= Exercise prompt =
When the listing below reaches the line that has "Furious Connection T-Shirt", start reproducing exactly; stop after the line that has "Whirlpool GEW9200LQ0 manual", and drop the pictures.

= Entries provided =

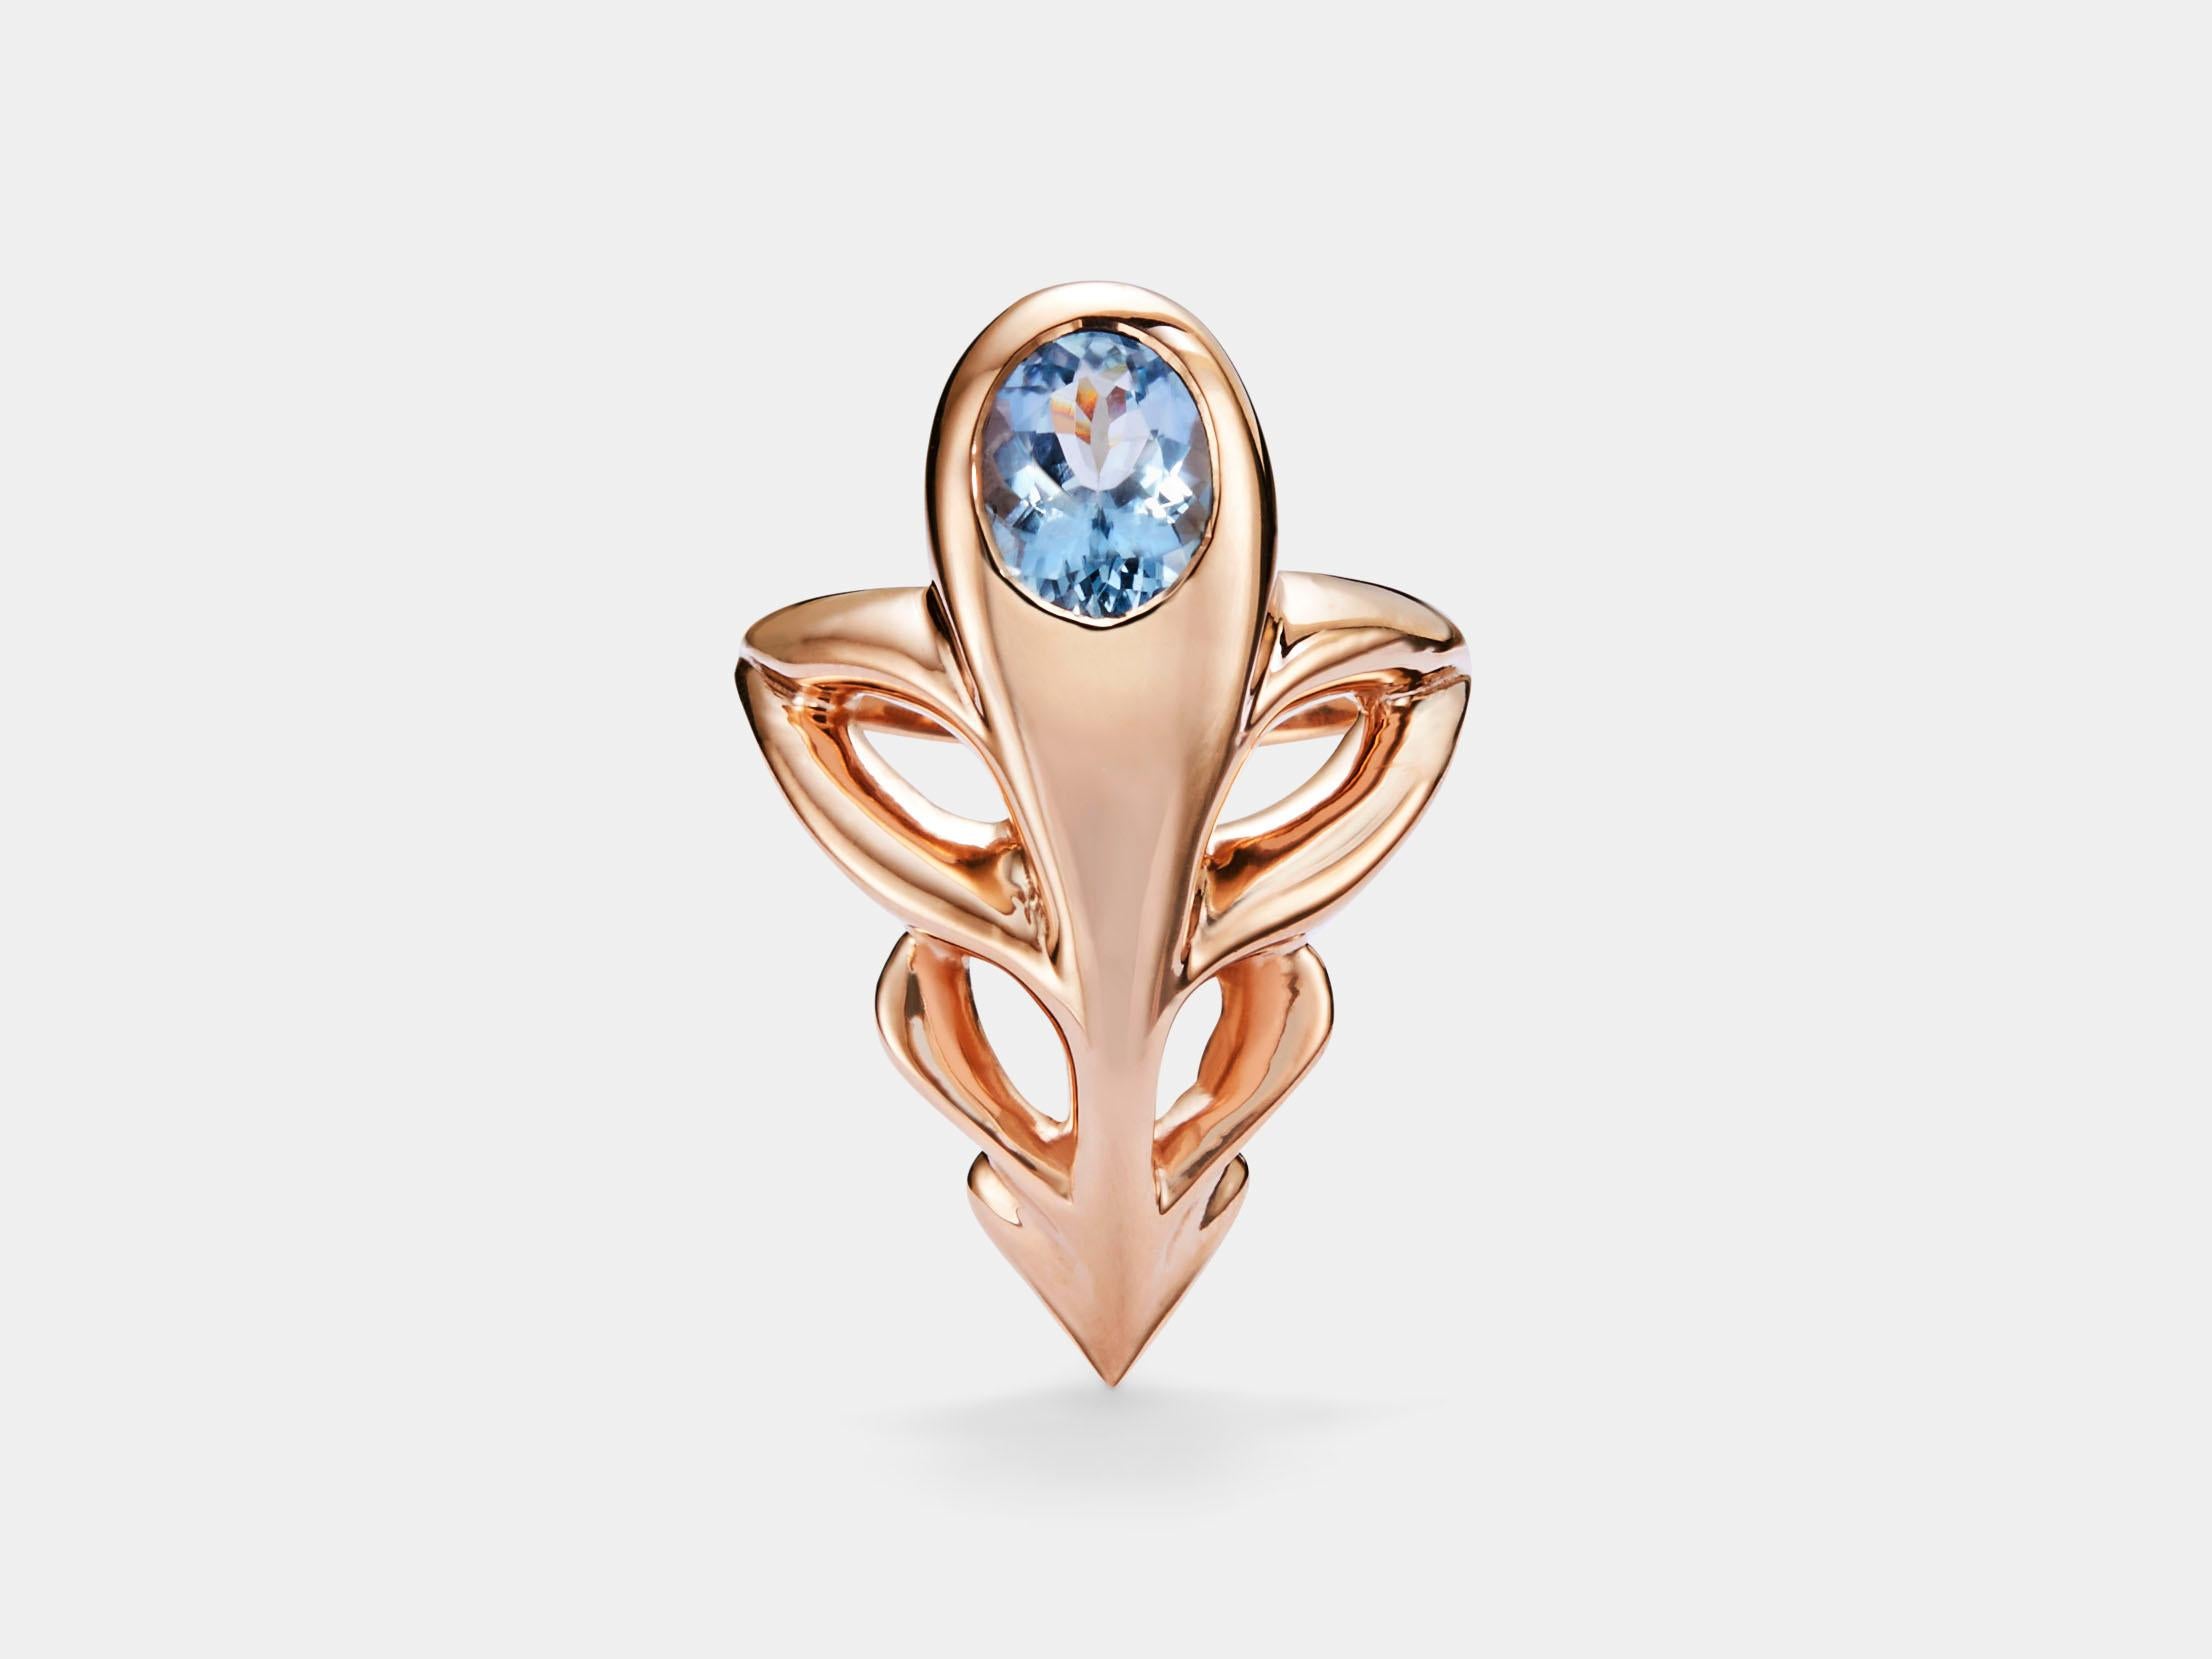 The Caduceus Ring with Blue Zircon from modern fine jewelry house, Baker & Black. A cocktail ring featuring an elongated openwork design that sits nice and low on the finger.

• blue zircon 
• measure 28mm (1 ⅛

--

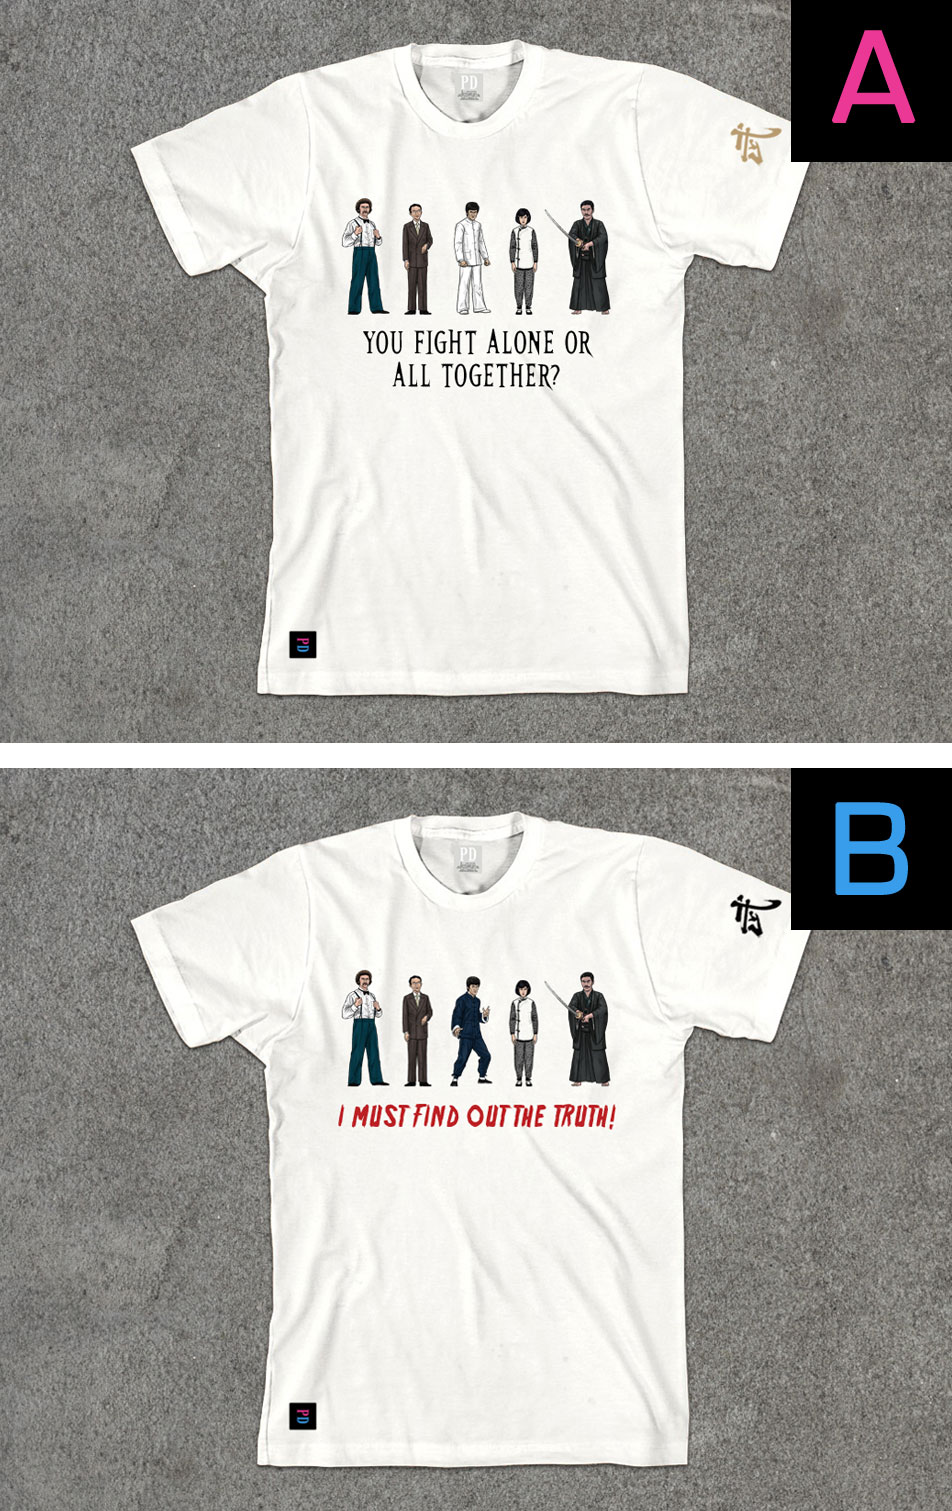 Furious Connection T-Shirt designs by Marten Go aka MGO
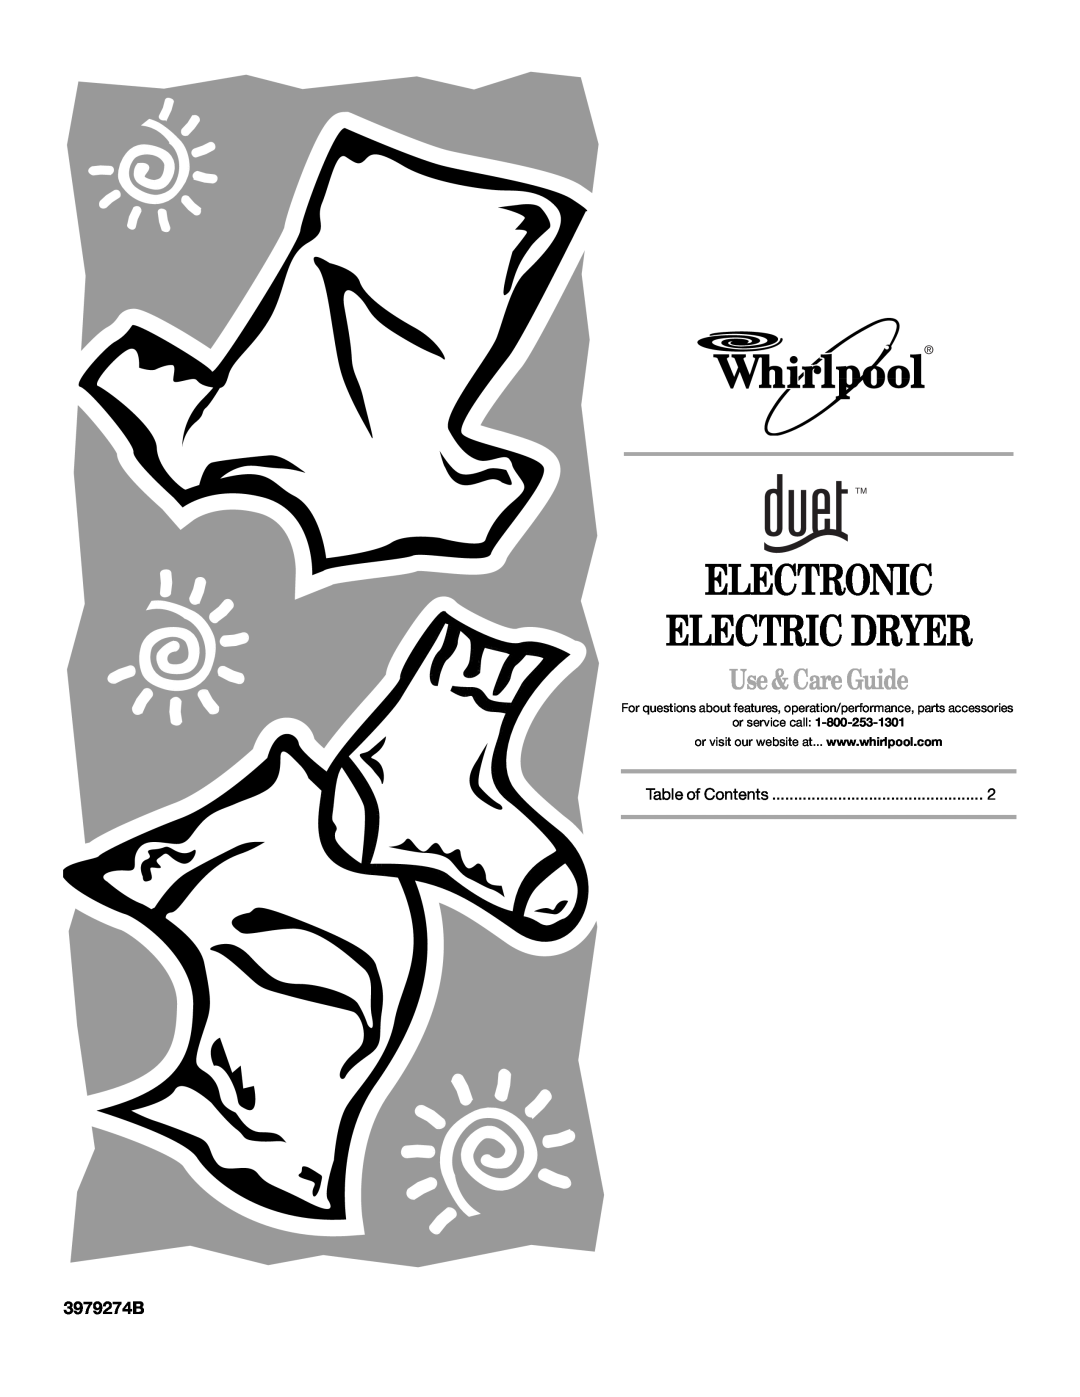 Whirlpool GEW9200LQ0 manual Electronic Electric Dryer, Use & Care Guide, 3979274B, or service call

--

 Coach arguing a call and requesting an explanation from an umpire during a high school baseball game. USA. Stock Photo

= Answer to this exercise =
 Furious Connection T-Shirt designs by Marten Go aka MGO
 Whirlpool GEW9200LQ0 manual Electronic Electric Dryer, Use & Care Guide, 3979274B, or service call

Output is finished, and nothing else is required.